Let $g:\mathbf{X}\to\mathbb{R}_+$ be a positive continuous function where $\mathbf{X}\subseteq\mathbb{R}^d$. Let $f_n:\mathbf{X}\to\mathbb{R}$ where $n\in\mathbb{N}$ be a sequence of functions. Define the weighted supremum norm $\|\cdot\|_g$ by $$ \|f_1\|_g := \sup_{x\in\mathbf{X}}\frac{|f_1(x)|}{g(x)}. $$
Question: Let $Y$ be an integrable random variable taking values in $\mathbf{X}$. If $\|f_n\|_g < \infty$ for all $n$, is the family of random variables $(f_n(Y))_{n\in\mathbb{N}}$ uniformly integrable?
My thoughts: We know that if
$$
\sup_{n\in\mathbb{N}}\sup_{x\in\mathbf{X}}\frac{|f_n(x)|}{g(x)} < \infty.
$$
Then, with probability one:
$$
\sup_{n\in\mathbb{N}}\frac{|f_n(Y)|}{g(Y)} < \infty \implies \sup_{n\in\mathbb{N}} |f_n(Y)| < C g(Y)
$$
for some constant positive C. I know that if $g(Y)$ is integrable, then this implies $(f_n(Y))_{n\in\mathbb{N}}$ is uniformly integrable.
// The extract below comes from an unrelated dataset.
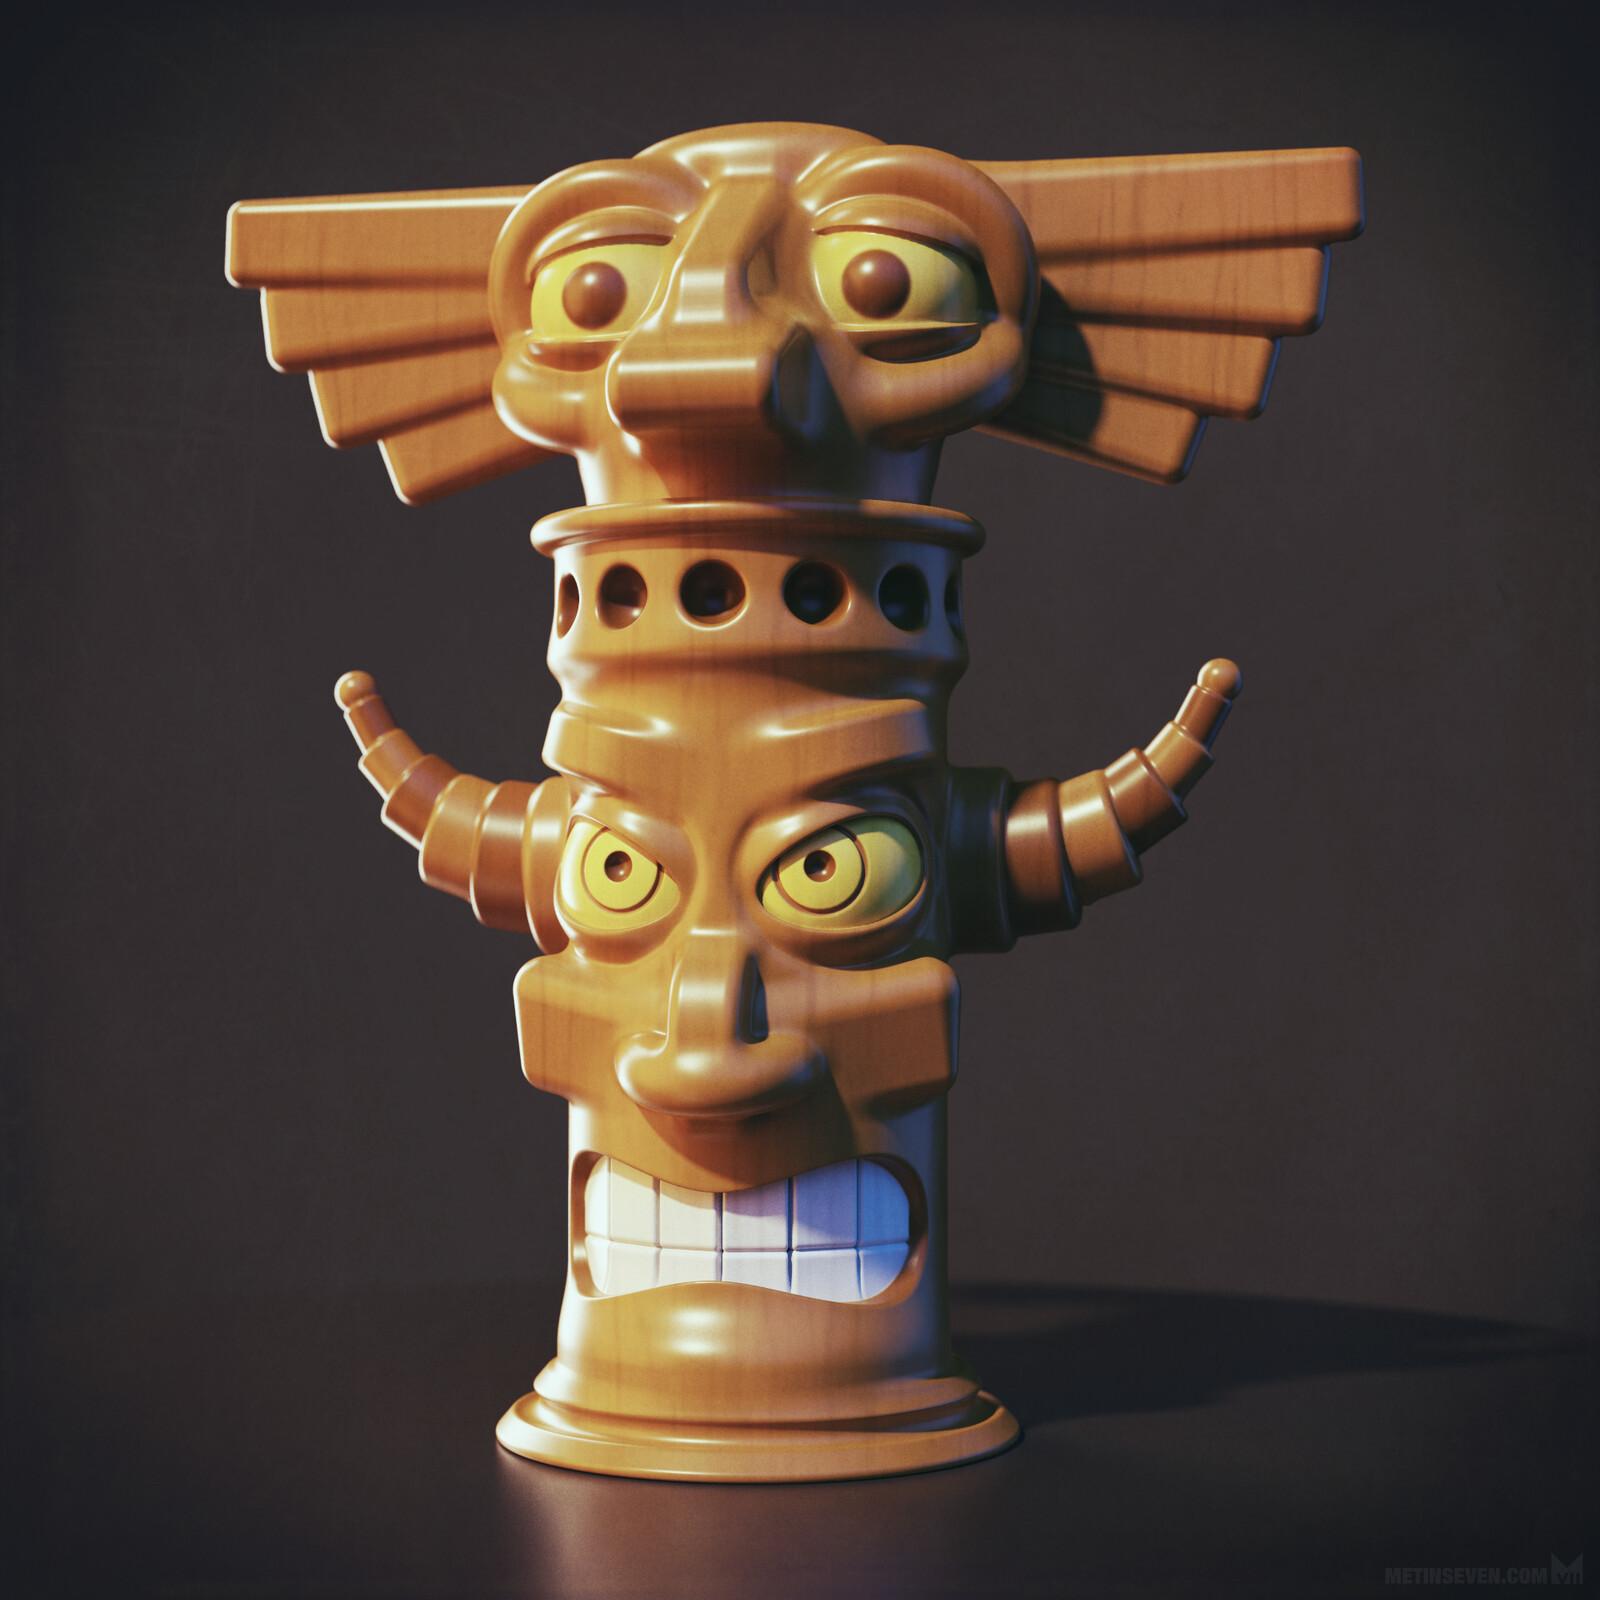 3D tiki totem character design 🗿
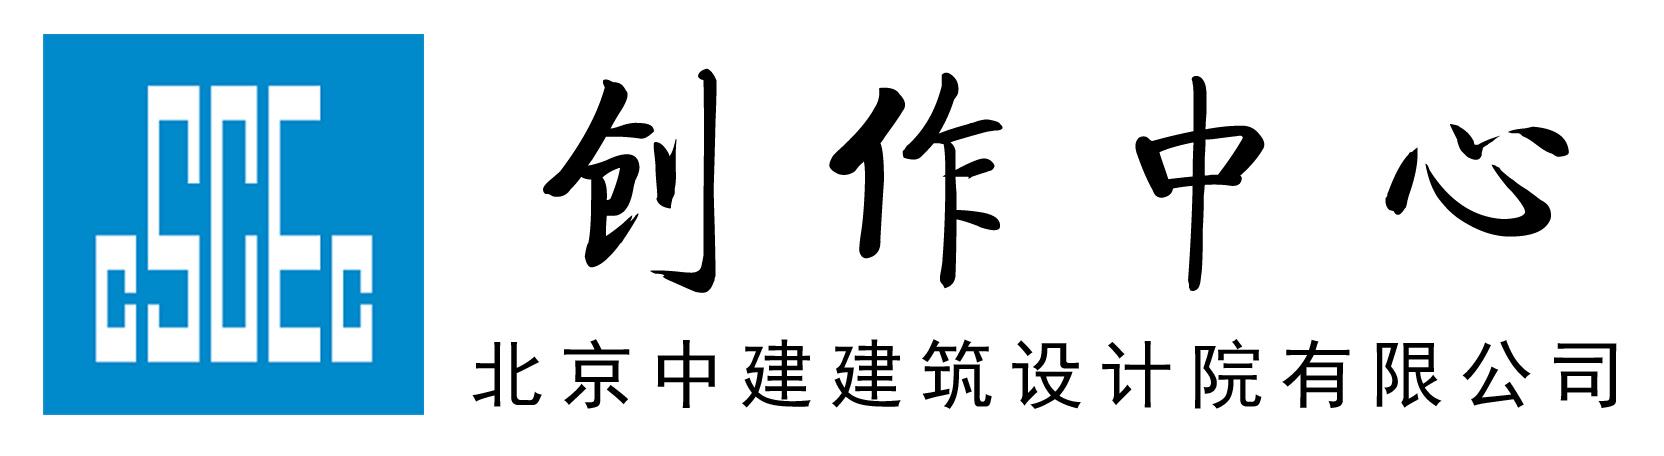 北京中建建筑设计院有限公司

So I am stuck here since I do not think the first inequality necessarily holds. Is there another way?
I don't think this is true but maybe I'm missing something.
Let's think about a very simple example: $g(x) = 1$, $f_n(x) = n$. Then, $\|f_n\|_g = n$ and $\|f_n\|_g < \infty$ for all $n$. Now, $(f_n(Y))_{n \in \mathbb{N}}$ does not depend on $Y$ and is clearly not uniformly integrable.